Litigation funders reluctant while receivers rule

litigation funders

Armstrong Hird Advisory’s Michael Hird.

Availability of and access to litigation funders is one of the biggest challenges for liquidators and while funder numbers have swelled in recent years it doesn’t mean the dollars are easier to find.

Liquidator Michael Hird has spent considerable time trying to attract a backer willing to underwrite examinations of some of the directors of the failed Allmine Group, a search outlined in convenient detail by Federal Court judge Jacqueline Gleeson In the matter of Allmine Group Limited (In Liquidation) (ACN 128 806 271).

Hird began his quest for funding in 2013 when he and Trent Hancock were partners of Moore Stephens. This was back in the days before Moore Stephens’ Sydney CBD practice defected to Pitcher Partners.

The pair had replaced West Australia Insolvency SolutionsKimberley Strickland and David Hurt as voluntary administrators (VAs) at the first meeting of creditors in July 2013.

Allmine’s convertible note holders meanwhile had installed KordaMentha’s Scott Langdon and Cliff Rocke as receivers (Rocke has since joined Cor Cordis) and engaged Korda’s subsidiary 333 Advisory to prepare a “Limited Strategic and Financial Review” of Allmine Group.

The 333 Group draft review excoriated Allmine’s financial management, stating “The Group’s accounting and finance functions are barely functional, lack ownership and accountability and are under resourced”.

The review also gave Hird and Hancock some ammunition. All they needed were funds to deploy it via public examinations and other methods of investigating Allmine’s affairs in the lead up to its collapse.

This after all is the company whose subsidiary Construction Industries Australia (CIA) reportedly lost $7 million worth of plant materials and construction equipment it had leased for work on the Sino Iron Project at Cape Lambert in West Australia’s Pilbara region.

Despite the conclusions of the 333 Advisory review, Allmine’s convertible note holders and other creditors declined to provide Hird and Hancock with any funding.

During 2014 Hird and Hancock explored recapitalisation proposals for a deed of company arrangement (DoCA).

In 2015 Hird lodged a Section 533 Report with ASIC and over the course of that year made two applications for funding in respect of the proposed disqualification of former Allmine director Robert Wilde. ASIC declined.

It wasn’t until May 2016 that a glimmer of hope appeared in the form of a no win, no fee retainer offered by law firm Slater + Gordon.

Several months later Hird finalised his S 533 Reports to ASIC, in which he mentioned that he had signed an agreement with an unidentified litigation funder.

Three years of hard slog. We don’t know if secured creditor Westpac retrieved all it was owed but the receivers retired in 2016, and helpfully bestowed 95 boxes of files on the unfunded Hird.

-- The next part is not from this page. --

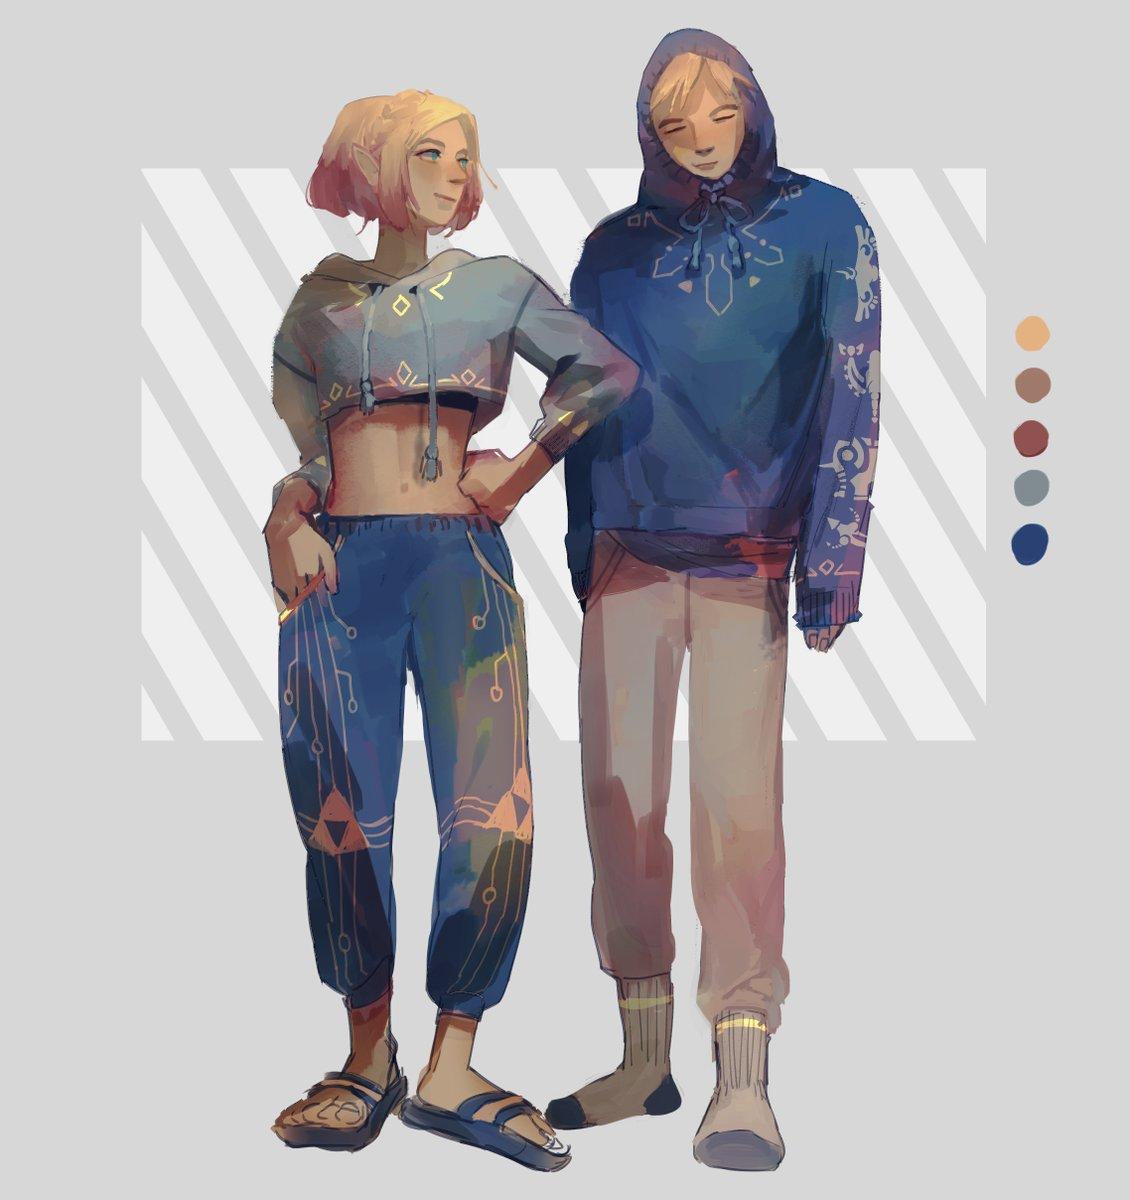 Link + Zelda + Quarantine outfits. Comfort first, fashion also first!! #BOTW #TheLegendofZelda #tloz #ootd #fashion how I love hoodie-egg link... '_>` pic.twitter.com/FuzP8WiDiZ

So he finally had books and records and other information and he finally had a funding deal, even if it was entered into in circumstances that were not entirely to the judge’s liking.

“By s 477(2B), Mr Hird was obliged not to enter into the funding agreement except with the approval of the Court. Mr Hird’s explanation his failure to seek that approval before now was not satisfactory,” Justice Gleeson said.

“The reasons Mr Hird gave were, firstly, that it took several months for the company’s receivers to provide him with the company’s documents which comprised 95 boxes of materials.

“Mr Hird reviewed the documents and, in July 2017, prepared the relevant files for digital copying which was completed by September 2017.

“Mr Hird also had two computer hard drives containing data related to the company. He arranged for access to this data through a forensic assessment process, it being made available to him on 2 October 2017.

“Secondly, there was a short handover period and delay as a result of the departure of the solicitor at Slater + Gordon who previously had the carriage of the matter. Finally, Mr Hird suffered from ill health over the course of 2017 including a short period of hospitalisation.”

Slater + Gordon had specifically recommended to Hird in a letter dated May 31, 2016 that he apply to the courts before entering into a funding agreement.

Hird’s evidence in the post-deal application was that his “preliminary investigations would not be substantially advanced until if and when the approval of the Court was granted” so it seems the courts will overlook being overlooked if everything else seems in order.

His three year quest for funding meanwhile proves that the merits of the claim notwithstanding, it’s hard to attract litigation funders while receivers retain the essential information.